Utilizing Twitter data, we constructed a panel study with fine-grained opinion measures to track policy-specific opinion shifts. Our methodology involved a medium-sized language model to detect tweets about European debt, assessing the users' stances and underlying motivations. To determine users' political affiliations (treatment assignment), we developed a pre-treatment measure based on semantic analysis of tweets from official party accounts, press releases, and party manifestos. This measure, validated using a dataset of 2,500 party politicians' Twitter accounts from the 2021 German federal election, allowed us to link users to parties based on the semantic similarity of their tweets to party positions.

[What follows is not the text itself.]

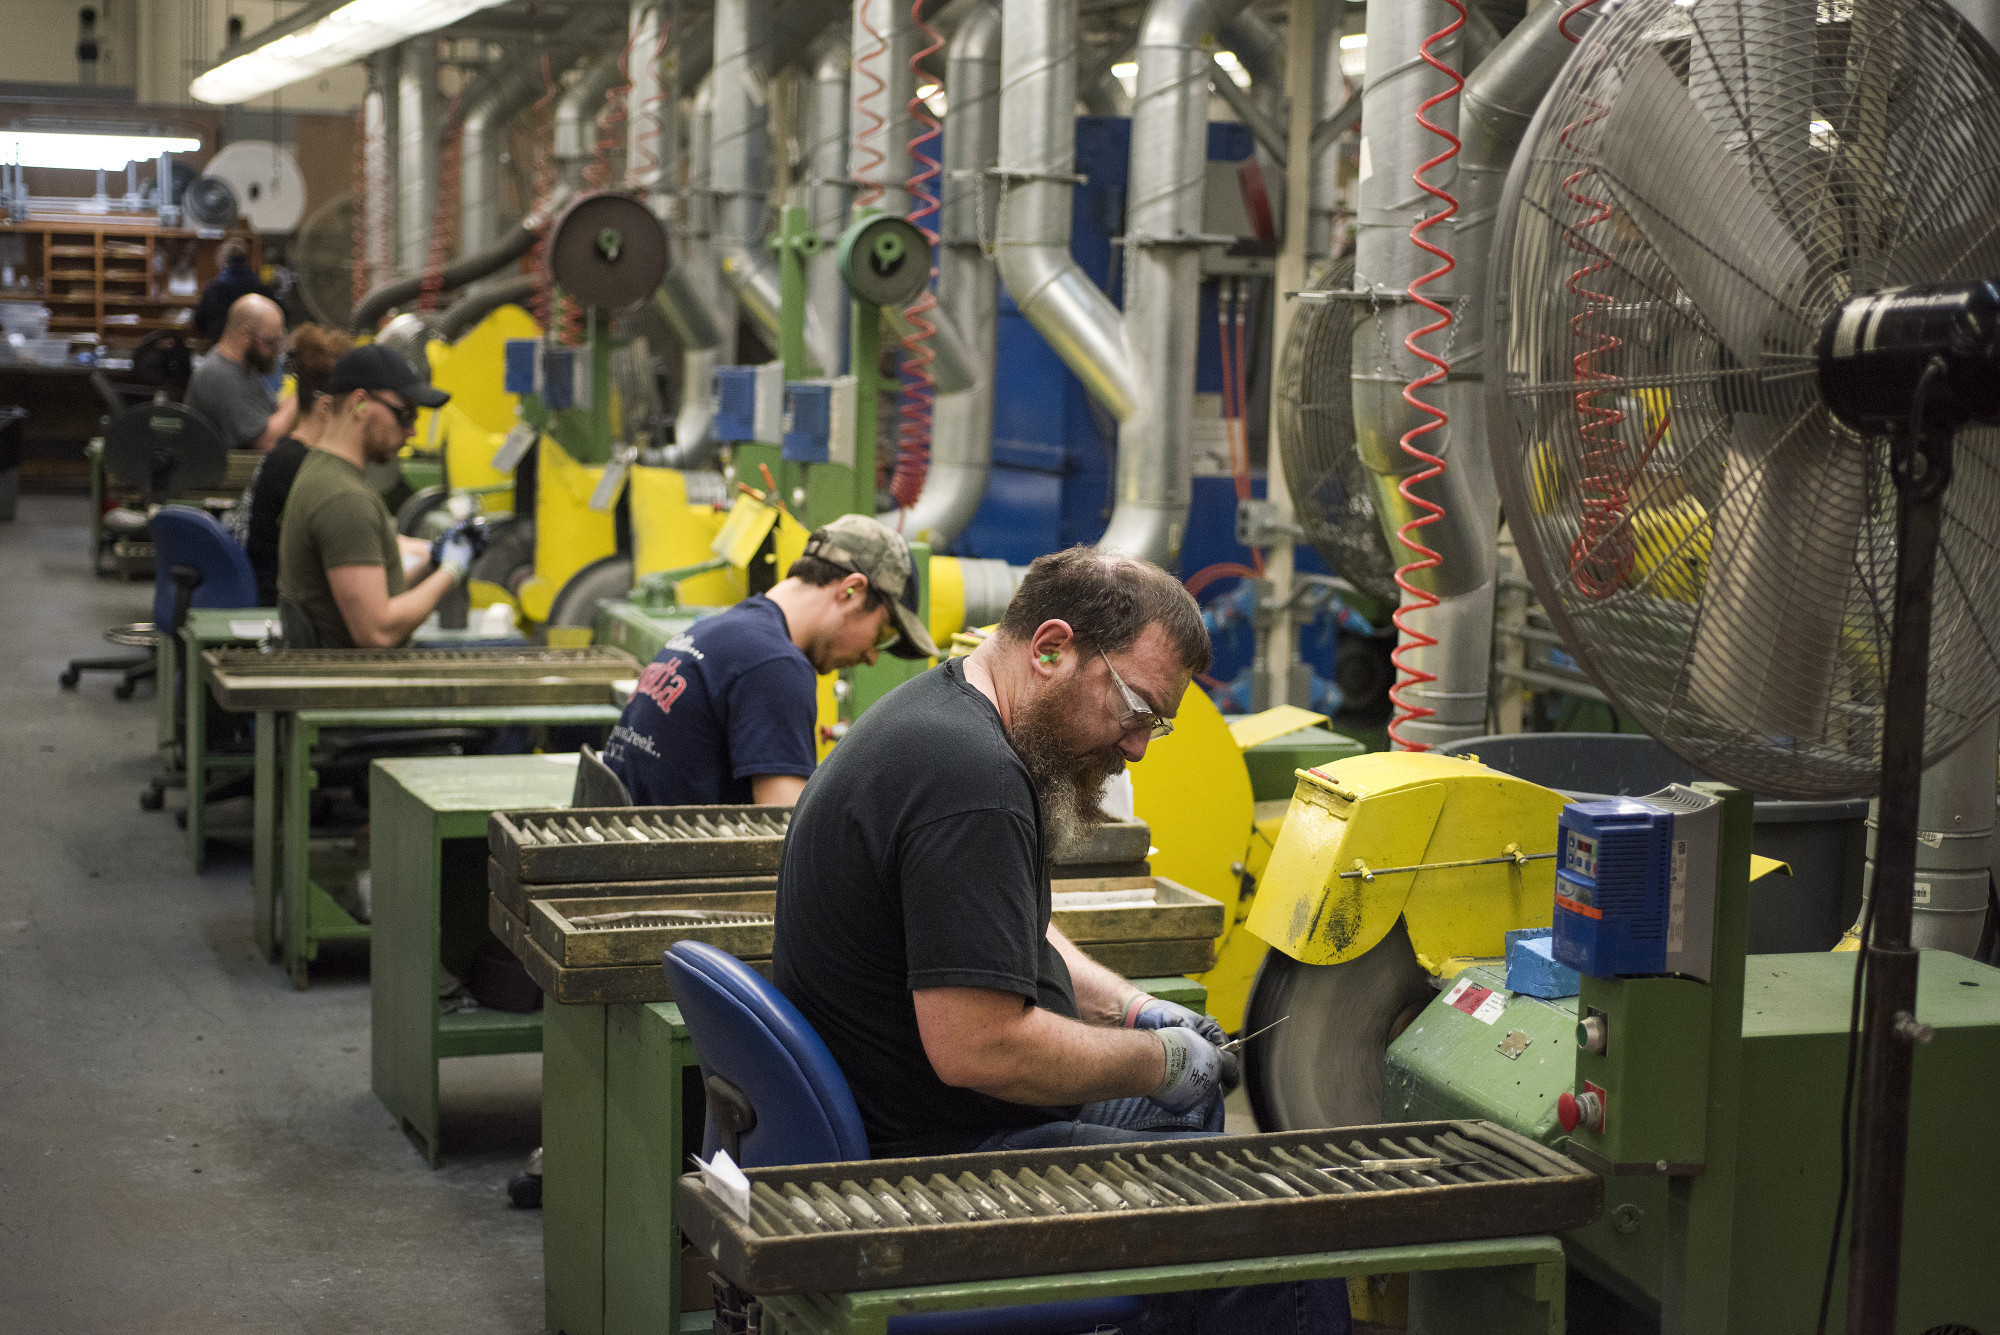 Operations Inside W.R. Case & Sons Cutlery Co. Manufacturing Facility Ahead Of Factory Orders

Our key findings reveal a persistent skepticism among German Twitter users towards European debt, challenging the notion that public opinions on European integration policies are easily influenced by elite perspectives. This skepticism persisted even in the face of Chancellor Merkel’s significant policy reversal, indicating strong, pre-existing public preferences resistant to elite persuasion. Additionally, our study examines the causal impact of the CDU's policy shift on its supporters and politicians. Preliminary results show a notable alignment in politicians' opinions with the new party direction, providing insights into how top-level political decisions shape discourse among party members and activists. Research on the reactions of ordinary CDU supporters is ongoing at the time of this abstract submission.